# Leaking stave end



## AZMDTed (Sep 20, 2016)

I have a 23l Vadai that has a leak at the end of one of the staves. It's unusual, in that the stave is located about a third of way down the side from the bung hole, but it only leaks when I put in the last 1/2 cup of wine. The total leak is generally only about a teaspoonful which runs down the rest of the staves and collects against the barrel head at the bottom. It looks like it could either be a very tiny crack in that stave or capillary action from the grain. The leak itself is at the end of the stave, not where the stave comes out at the barrel head.

I can't find any good instructions on using wax to seal a leak like this, so please check my logic or give me other ideas.
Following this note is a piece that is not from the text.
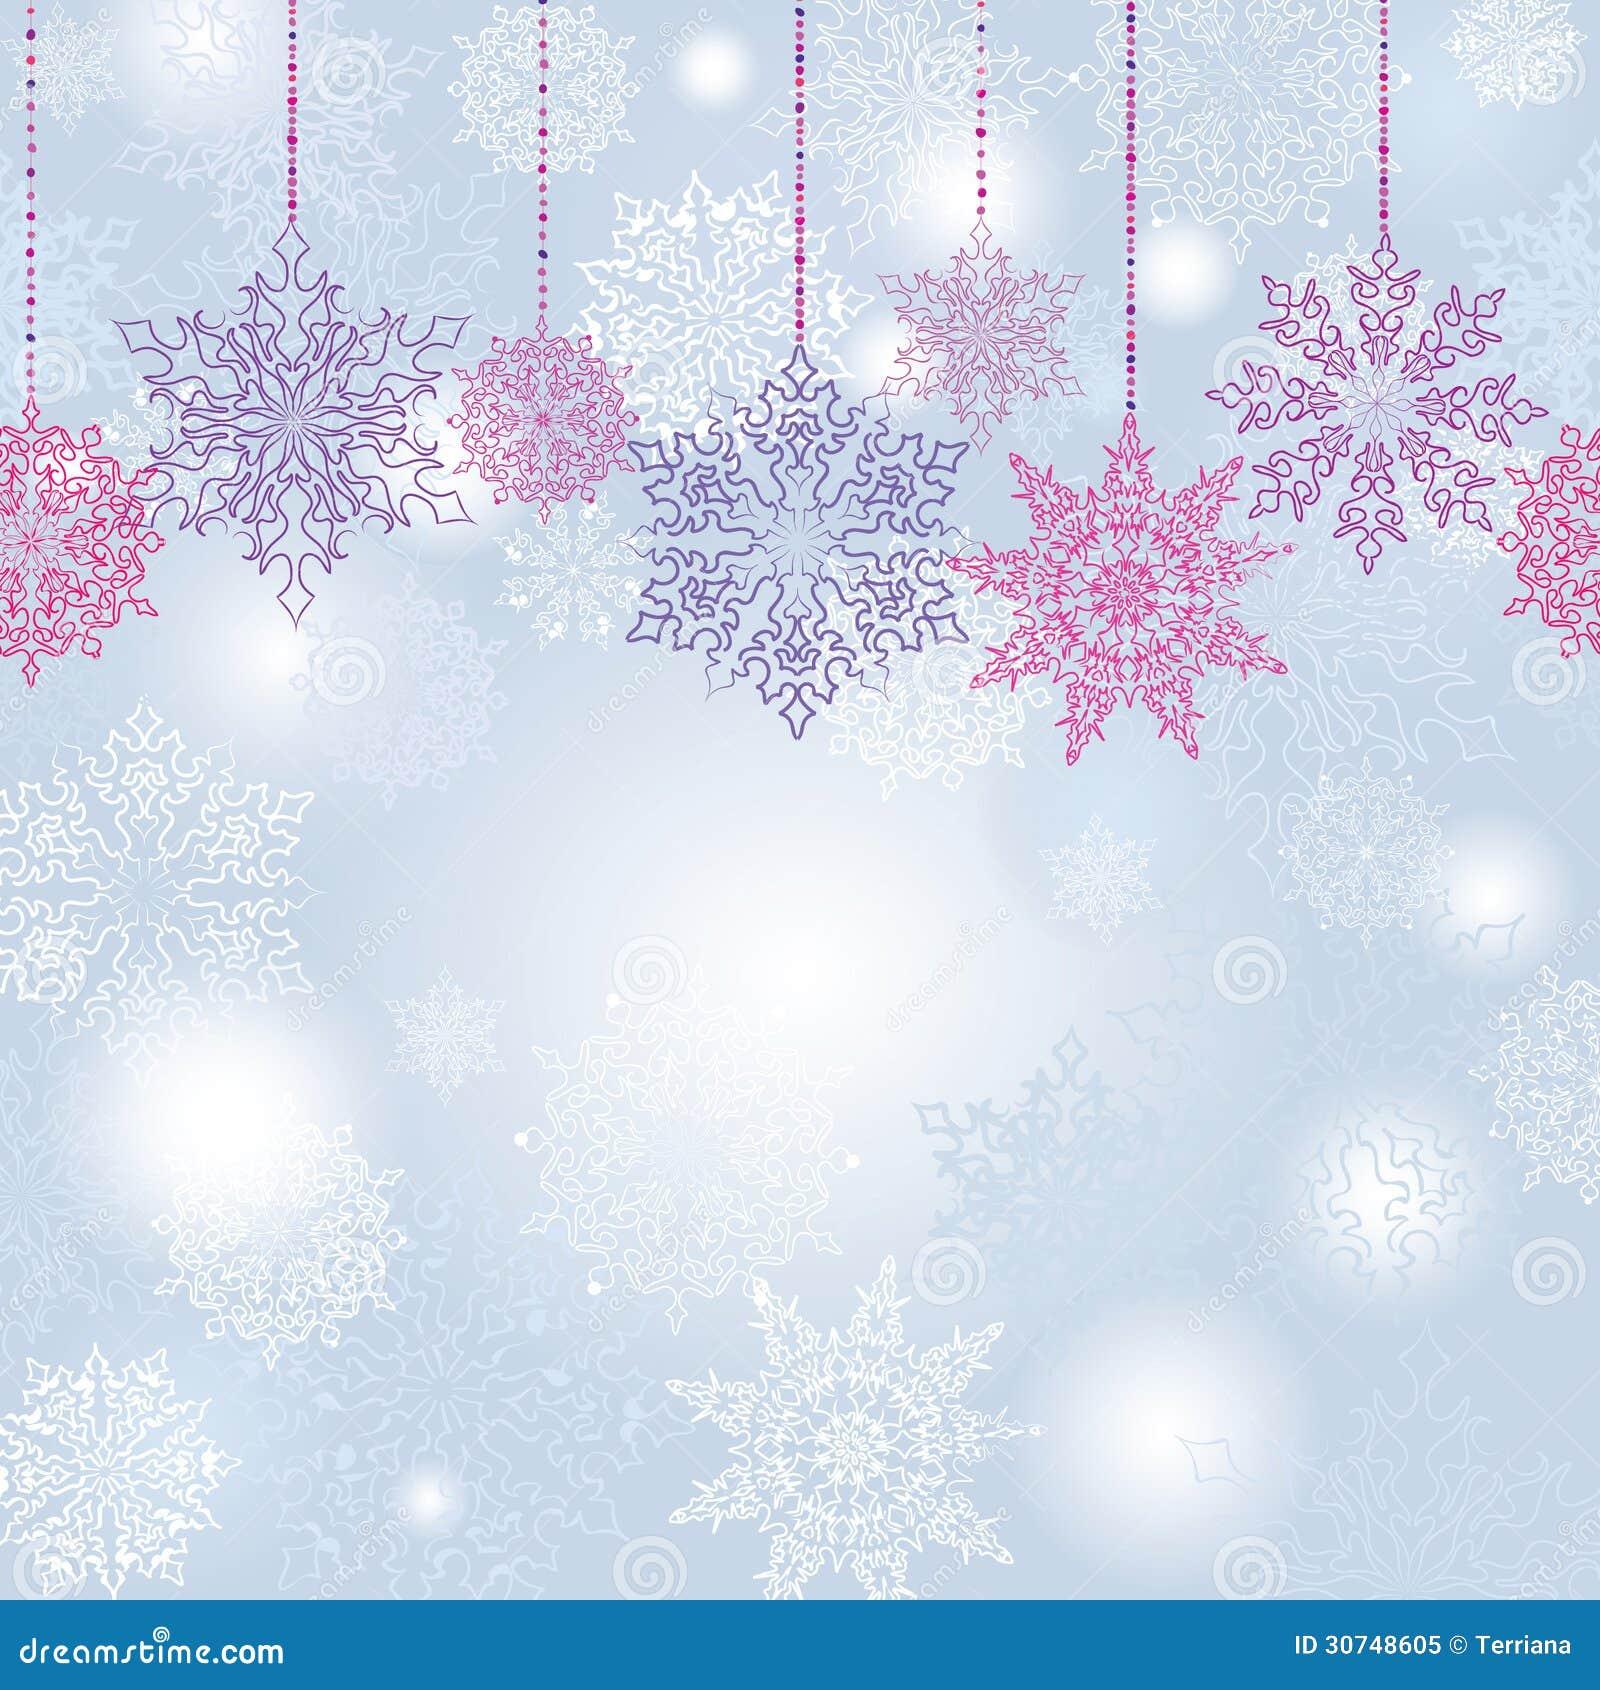 snowflakes seamless garland background royalty free stock photo

I'm thinking the way to fix this is to sand down the end of the stave with coarse sandpaper and then use a torch or iron to drip a few drops of beeswax or canning wax into that area followed by using the end of the iron or a heated metal probe or screw driver to press the wax into the wood.
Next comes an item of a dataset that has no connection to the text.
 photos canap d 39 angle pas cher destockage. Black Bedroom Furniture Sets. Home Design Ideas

Does that sound about right? Thanks.


----------



## stickman (Sep 20, 2016)

Here are a couple of good resources.

http://barrelbuilders.com/wp-content/uploads/2015/02/Barrel-Maintenance-Repair-Manual.pdf

[ame]https://www.youtube.com/watch?v=7I90vWT4PU8[/ame]


----------



## AZMDTed (Sep 20, 2016)

Stickman,
Thanks for the link, that's a good video. I may get to that point and it looks simple enough. Basically just use a wedge road as a road block in the leaks path. That'd be just a bit trickier on mine since it's on the inside of the curve, but doable if wax doesn't work.

Thanks.


----------



## AZMDTed (Sep 21, 2016)

Just answering my own question for the record:

Sanding down the area then rubbing it with beeswax to build a coating, or clumps, which I then hit with the tip of an iron to melt into the wood worked perfectly. No need to poke or prod, just clean, wax, and melt.


----------



## FTC Wines (Sep 21, 2016)

Ted, glad to hear. You fixed the leak. I recieved my first barrel, Vadai, last week. It came with a little packet of bee's wax & instructions, thankfully I didn't need it. Roy


----------



## Johnd (Sep 21, 2016)

I had a leak like that coming out of the center of the end of a stave, sanding and coating didn't work for this one. Stood the barrel on end and wiggled a needle into the leak hole about 1/2" to open it up, drilled it with a tiny wood bit about 5/8" deep, and dripped melted wax into the hole, pushed in with needle til it was full and never had another issue.


----------



## Johny99 (Sep 22, 2016)

AZMDTed said:


> Just answering my own question for the record:
> 
> Sanding down the area then rubbing it with beeswax to build a coating, or clumps, which I then hit with the tip of an iron to melt into the wood worked perfectly. No need to poke or prod, just clean, wax, and melt.



For small seeps, I rub a clove of garlic into it. Laugh if you want but it works. Poking in a toothpick or sliver of oak works sometimes for a pore hole. Beeswax, I heat the spot with my heat gum, then rub it in. Warming the oak seems to make it soak in.


----------